En las cartas escritas a mano no sólo iba tinta sellada. Las letras describían, en distintos niveles, la personalidad y el estado anímico del escritor. Cierta vez, alguna leyenda dijo: "una vez fallecido, el que escribió las misivas podía ser traído de vuelta, sólo un poco, con extraer las antiguas cartas y leerlas en voz alta". En la tinta iba el espíritu, en el papel un recuerdo.
La caligrafía era una forma de arte. Y se engrandecía a las letras de inicio, con empeño, como obsequio de forma artística del remitente. La letra capital se volvía una llamada de atención, un sello, otro recuerdo representativo del poder del puño sosteniendo la pluma. Como entremés: antes de dar paso al mensaje de la carta el destinatario encontraba un descanso al ojo en la letra capital. Señal de respeto y anuncio honorable, como si al lector se le pusiera una alfombra roja antes de una puerta o se le trajera una copa de vino antes del plato fuerte.
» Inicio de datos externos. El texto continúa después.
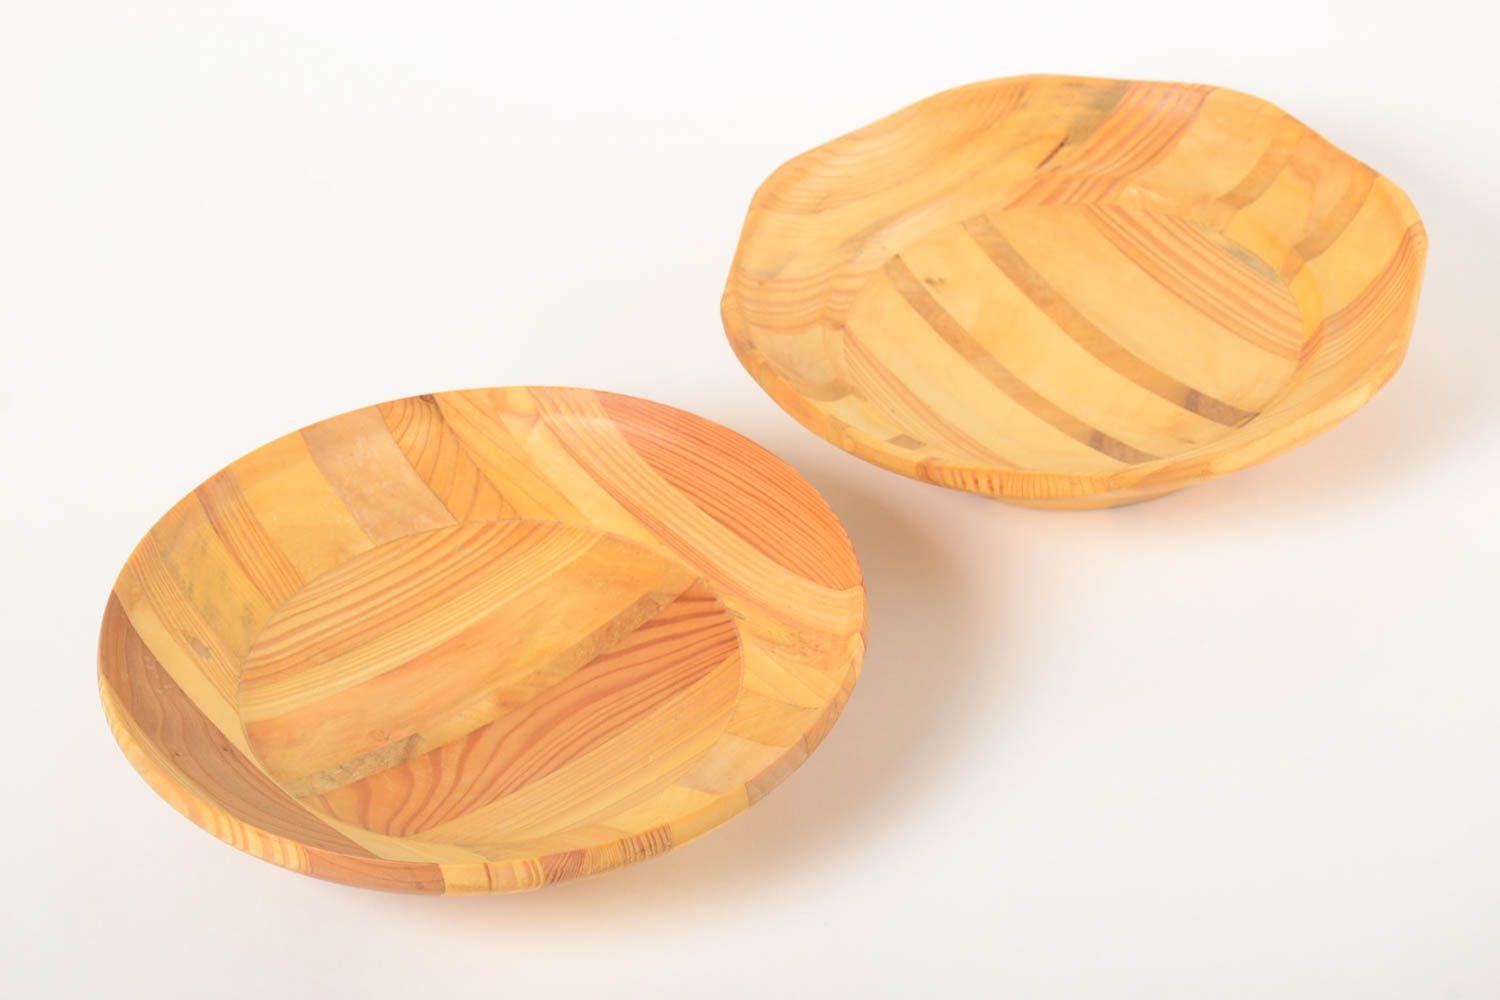 Handmade Teller Set Geschirr aus Holz Holzteller rund 2 Stück Geschenk Idee foto 2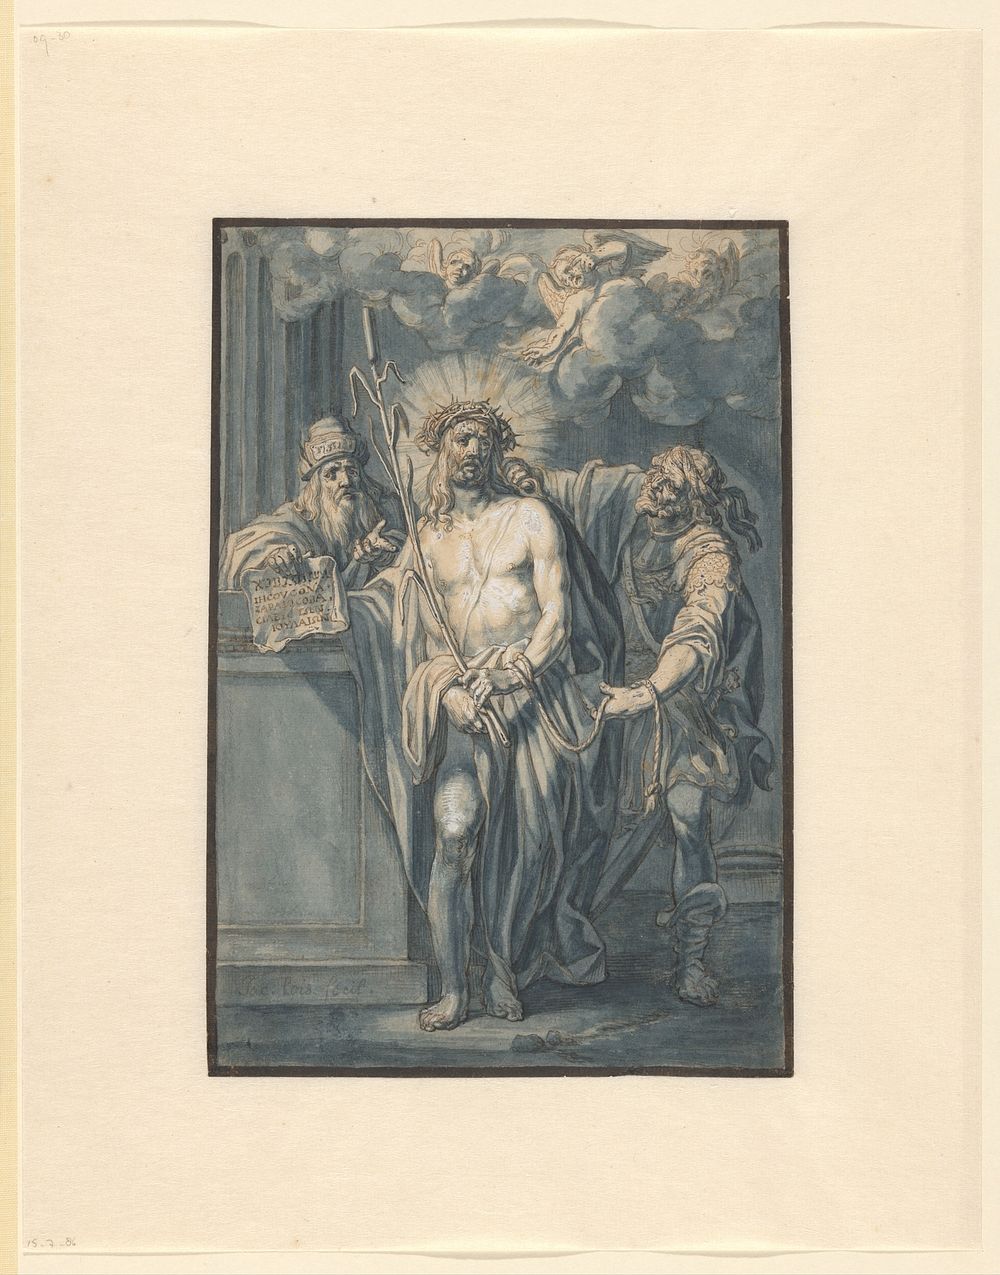 Ecce Homo (1638 - 1643) by Jacob Lois

Y la firma, por supuesto: el broche que sellaba la despedida con algún arreglo íntimo. Los trazos que en realidad querían decir que podían verse pronto, o tarde. Quien haya tirado una carta escrita a mano ha cometido gravísimo pecado. Si fue carta de amenaza o mal intencionada, hizo bien; si fue carta romántica con anhelos y esperanzas en las letras, un sacrilegio literario.